===== Data supplied =====
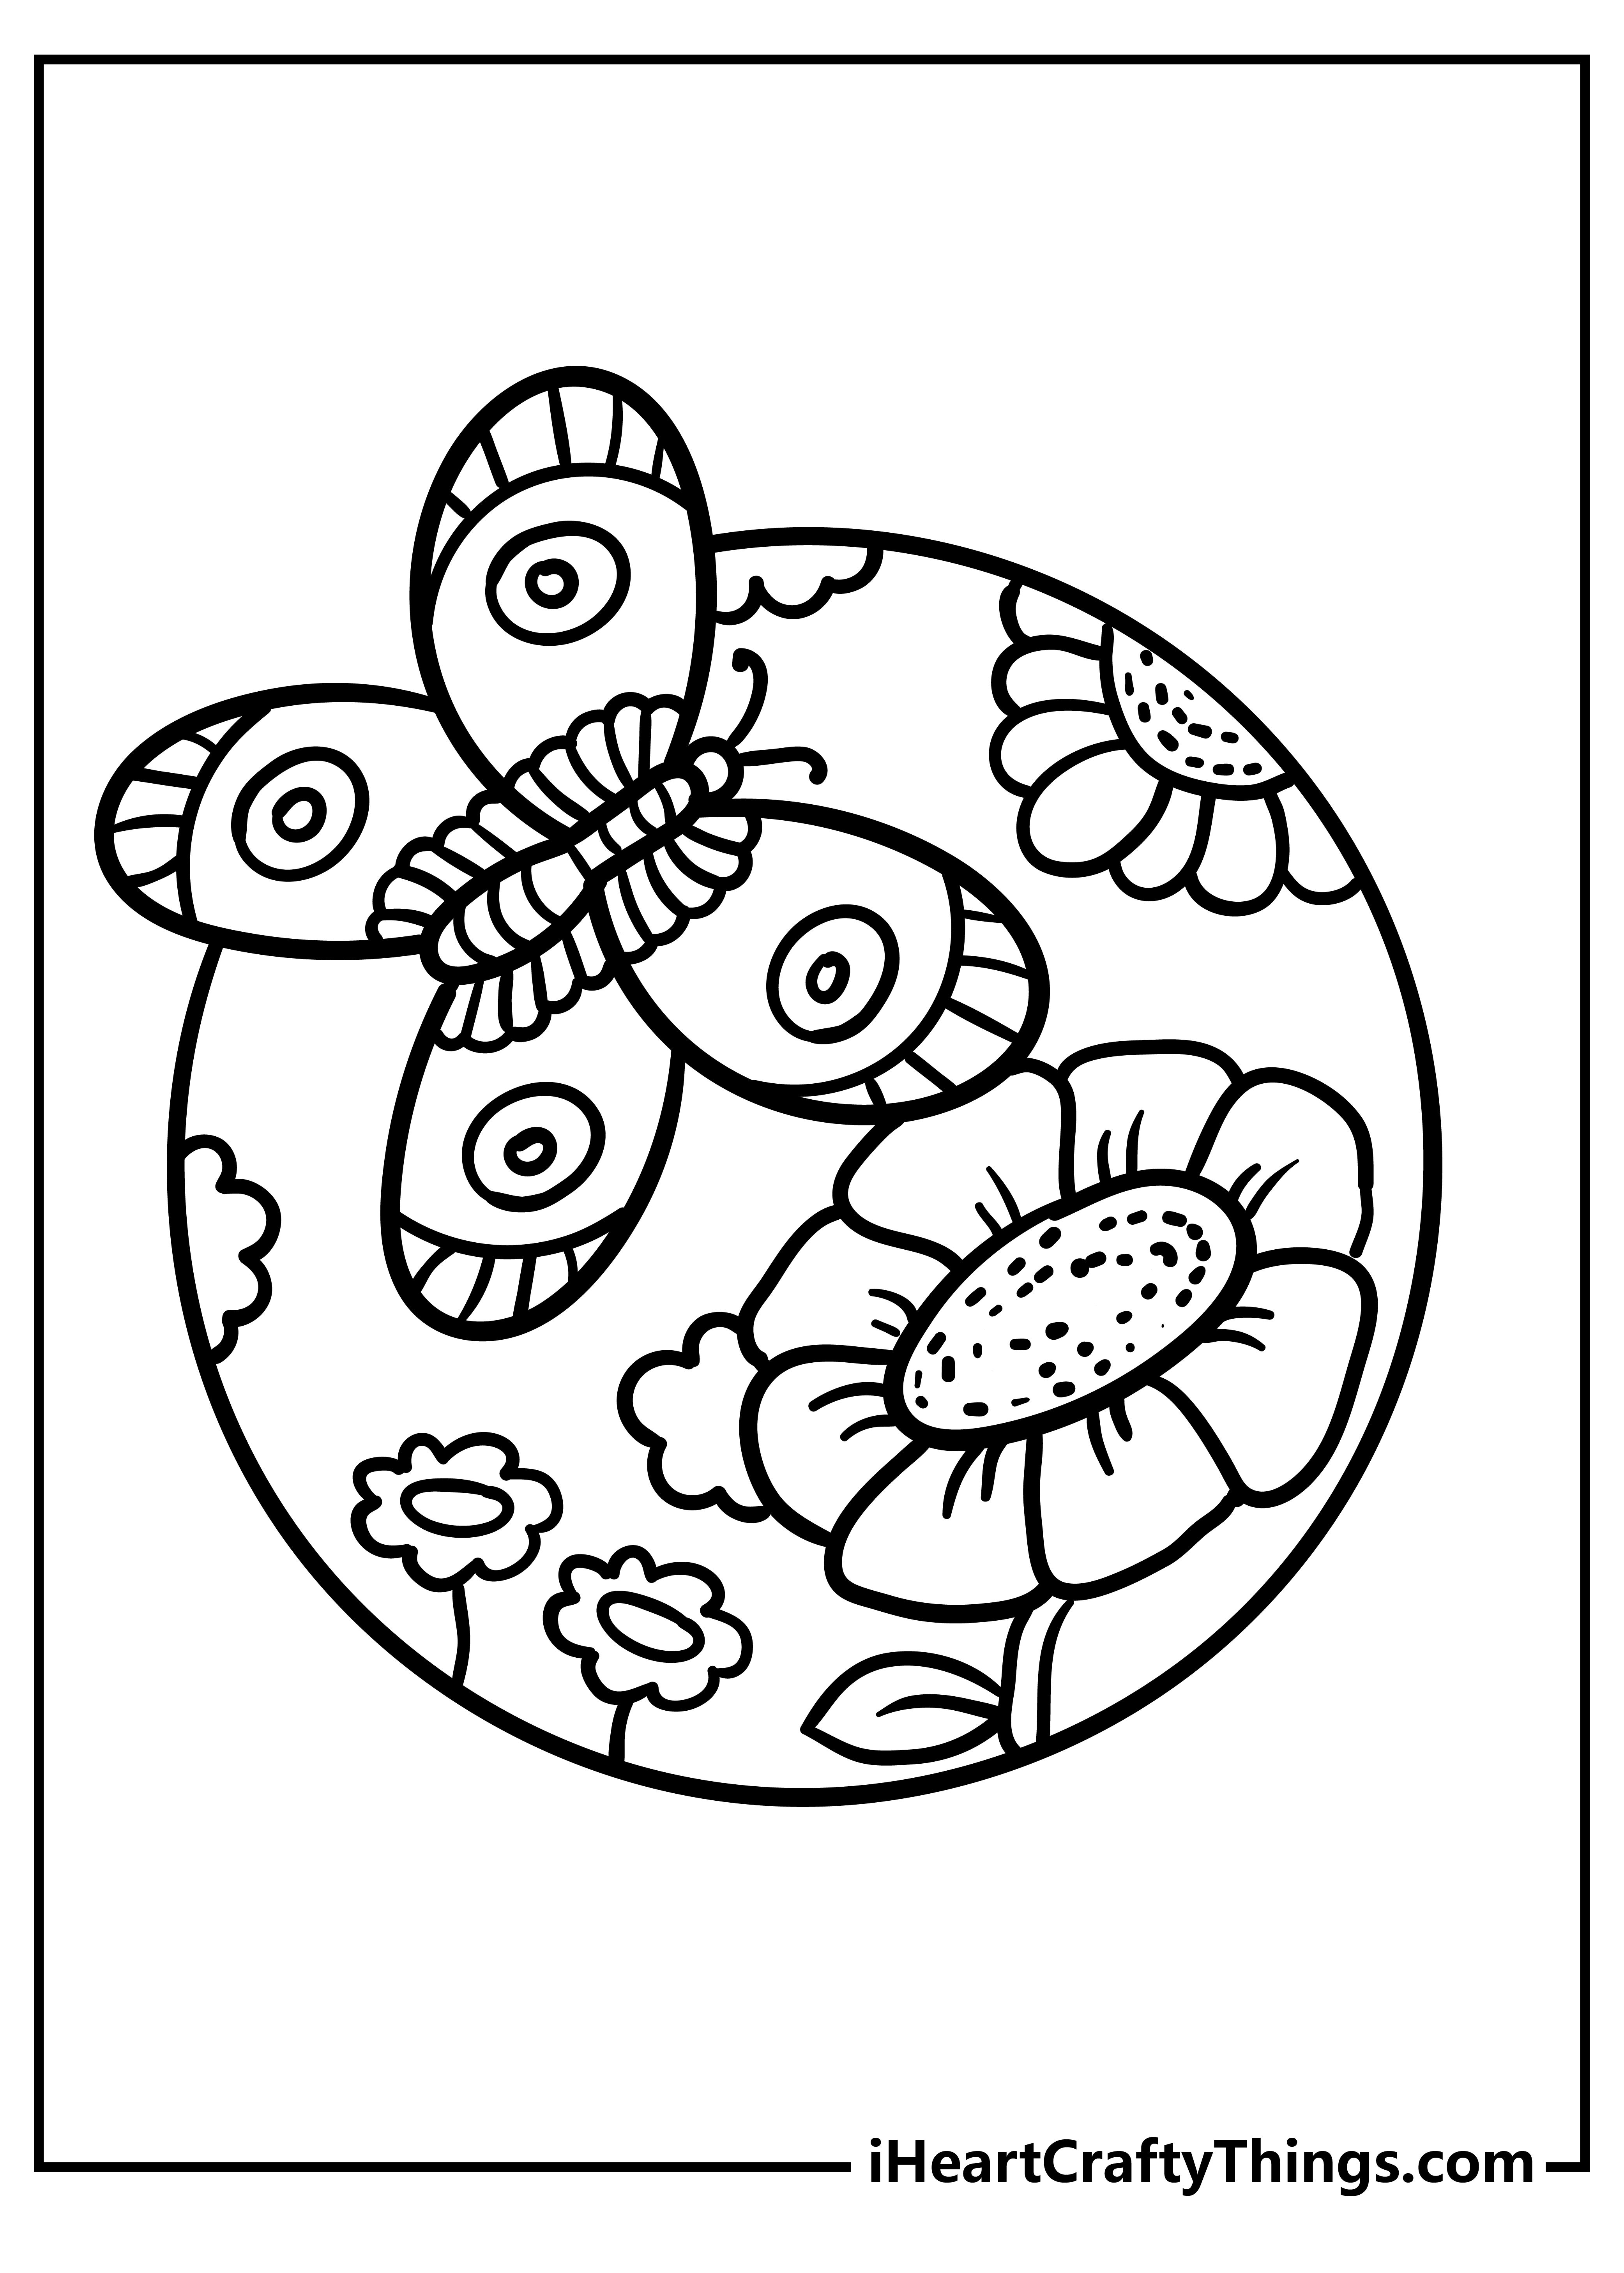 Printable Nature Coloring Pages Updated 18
=====
===== Data supplied =====
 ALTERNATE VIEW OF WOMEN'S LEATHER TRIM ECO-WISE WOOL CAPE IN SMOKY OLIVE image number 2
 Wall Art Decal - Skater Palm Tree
=====
Could you reproduce exactly the lines of the entries above, from the one with "ALTERNATE VIEW OF" through the one with "Wall Art Decal - Skater Palm Tree", and nothing else?

 ALTERNATE VIEW OF WOMEN'S LEATHER TRIM ECO-WISE WOOL CAPE IN SMOKY OLIVE image number 2
 Wall Art Decal - Skater Palm Tree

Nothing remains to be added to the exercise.